Per un docente supplente che abbia prestato servizio per circa 41 settimane, la durata della NASpI sarà pari a circa 20,5 settimane, equivalenti a quattro mesi e mezzo.

Importo NASpI 2026: come si calcola

L’ammontare della prestazione varia in funzione della retribuzione media imponibile percepita negli ultimi quattro anni di lavoro.

Per il 2026 l’importo massimo mensile riconoscibile è pari a 1.584,70 euro.

Il calcolo segue un meccanismo articolato:

  • si riconosce il 75% della retribuzione media fino alla soglia di 1.456,72 euro;
  • sulla quota eccedente tale limite viene aggiunto il 25%, senza superare il massimale previsto.

Dal sesto mese di fruizione dell’indennità si applica inoltre una riduzione del 3% mensile (decalage), che decorre invece dall’ottavo mese per i beneficiari che abbiano compiuto 55 anni.

Esempio di calcolo della NASpI

Si consideri il caso di un docente precario assunto con supplenza dal 15 settembre al 30 giugno, per un totale di circa 41 settimane, con una retribuzione lorda mensile media di 2.000 euro.

Nel corso dei dieci mesi di attività lavorativa il dipendente ha percepito complessivamente circa 20.000 euro lordi.

Secondo i criteri definiti dall’INPS, la retribuzione media imponibile viene determinata dividendo la retribuzione complessiva per le settimane di contribuzione e moltiplicando il risultato per il coefficiente 4,33.

Nel caso esaminato:

  • retribuzione complessiva: 20.000 euro;
  • settimane lavorate: 41;
  • retribuzione media di riferimento: 2.112,20 euro.

Poiché il valore supera la soglia di 1.456,72 euro, il calcolo avviene applicando:

  • il 75% su 1.456,72 euro, pari a 1.092,54 euro;
  • il 25% della quota eccedente (655,48 euro), pari a 163,87 euro.
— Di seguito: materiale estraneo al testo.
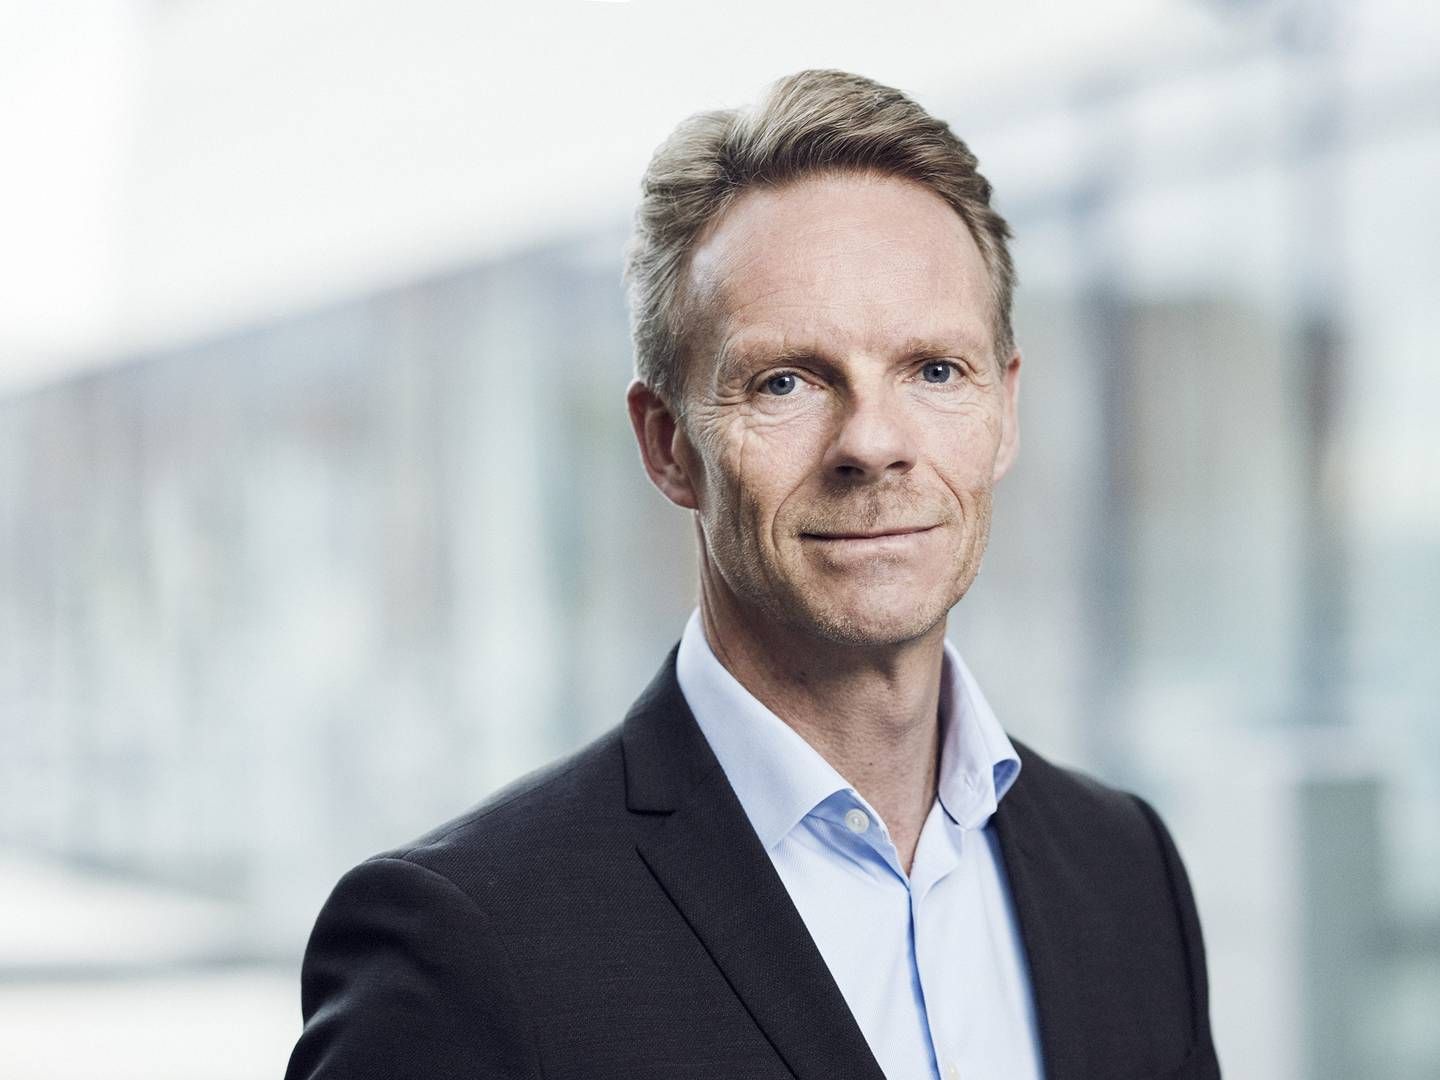 Bankinvest med partnerdirektør Thomas Bonnor i spidsen kan glæde sig over igen at blive bedømt højt af danske investeringsforeninger. | Foto: BankInvest / PR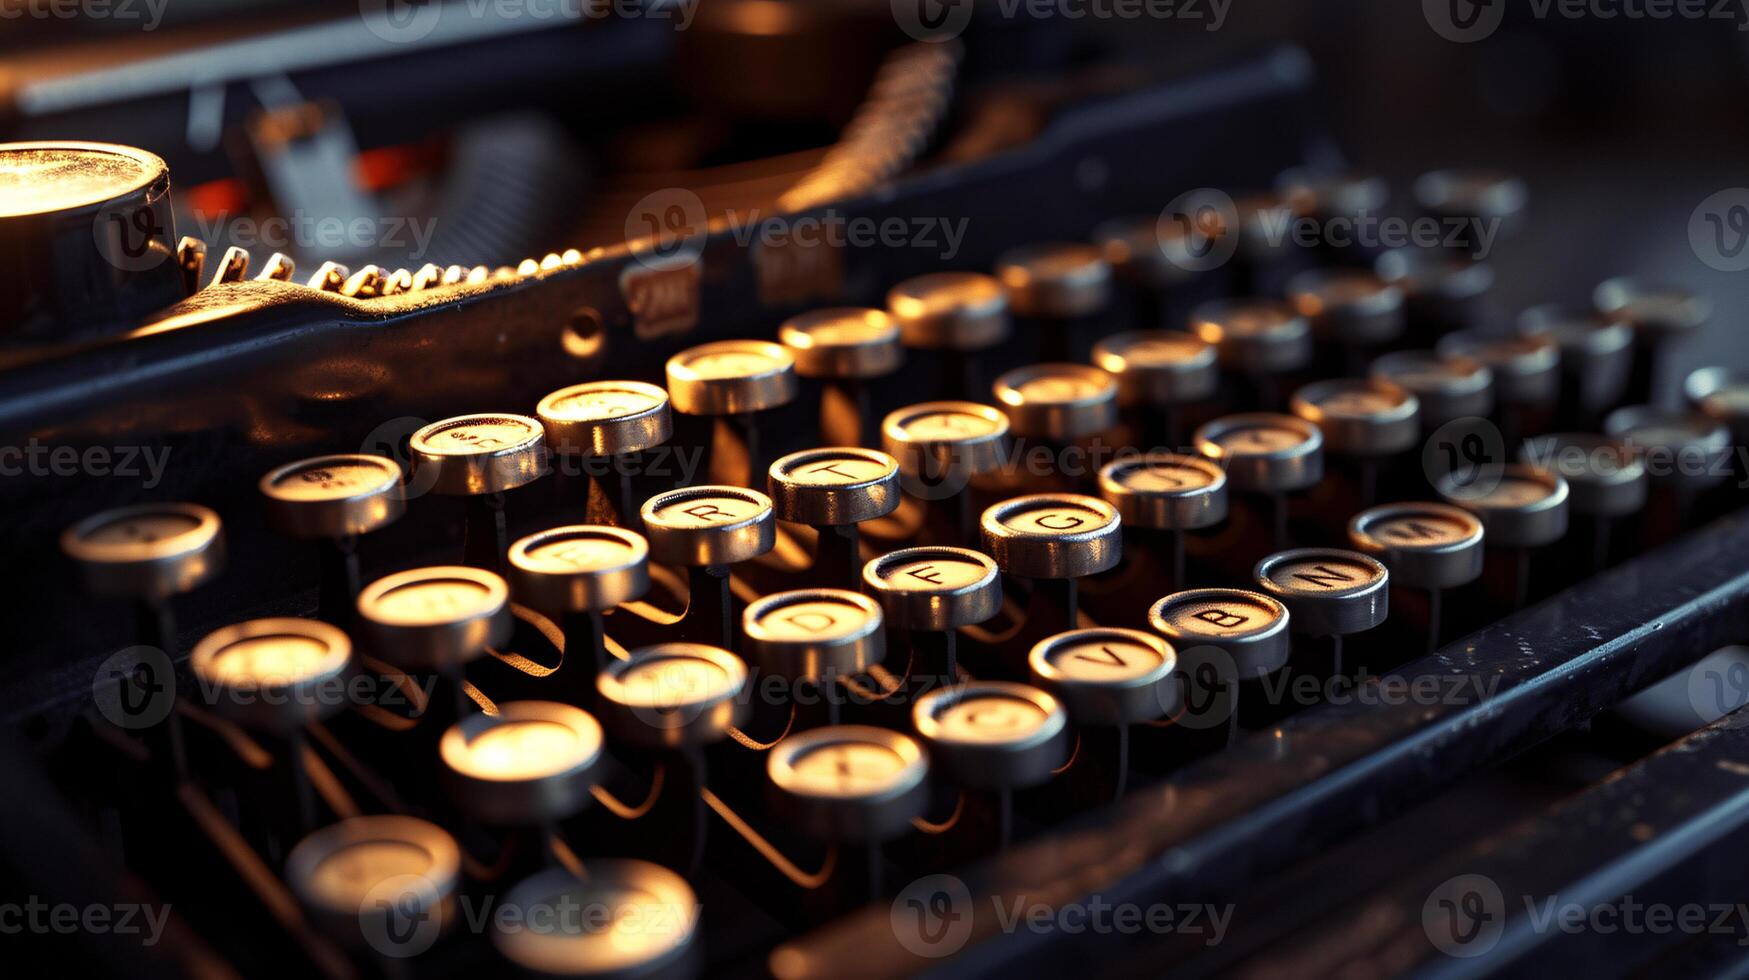 un Clásico máquina de escribir, bañado en suave, direccional ligero foto

L’importo lordo mensile della NASpI risulta quindi pari a 1.256,41 euro per i primi cinque mesi di fruizione.

Considerando le 41 settimane di contribuzione maturate, il docente avrebbe diritto a circa quattro mesi e mezzo di indennità prima dell’eventuale applicazione della riduzione progressiva prevista dalla normativa.

In sintesi

Con la scadenza delle supplenze del 30 giugno, migliaia di docenti precari possono accedere alla NASpI, purché il rapporto di lavoro sia terminato involontariamente e siano state maturate almeno 13 settimane di contributi negli ultimi quattro anni. La domanda deve essere presentata esclusivamente online all’INPS entro 68 giorni dalla cessazione del contratto. La durata della prestazione dipende dalla contribuzione maturata, mentre l’importo viene determinato sulla base della retribuzione media imponibile, con un tetto massimo di 1.584,70 euro mensili per il 2026.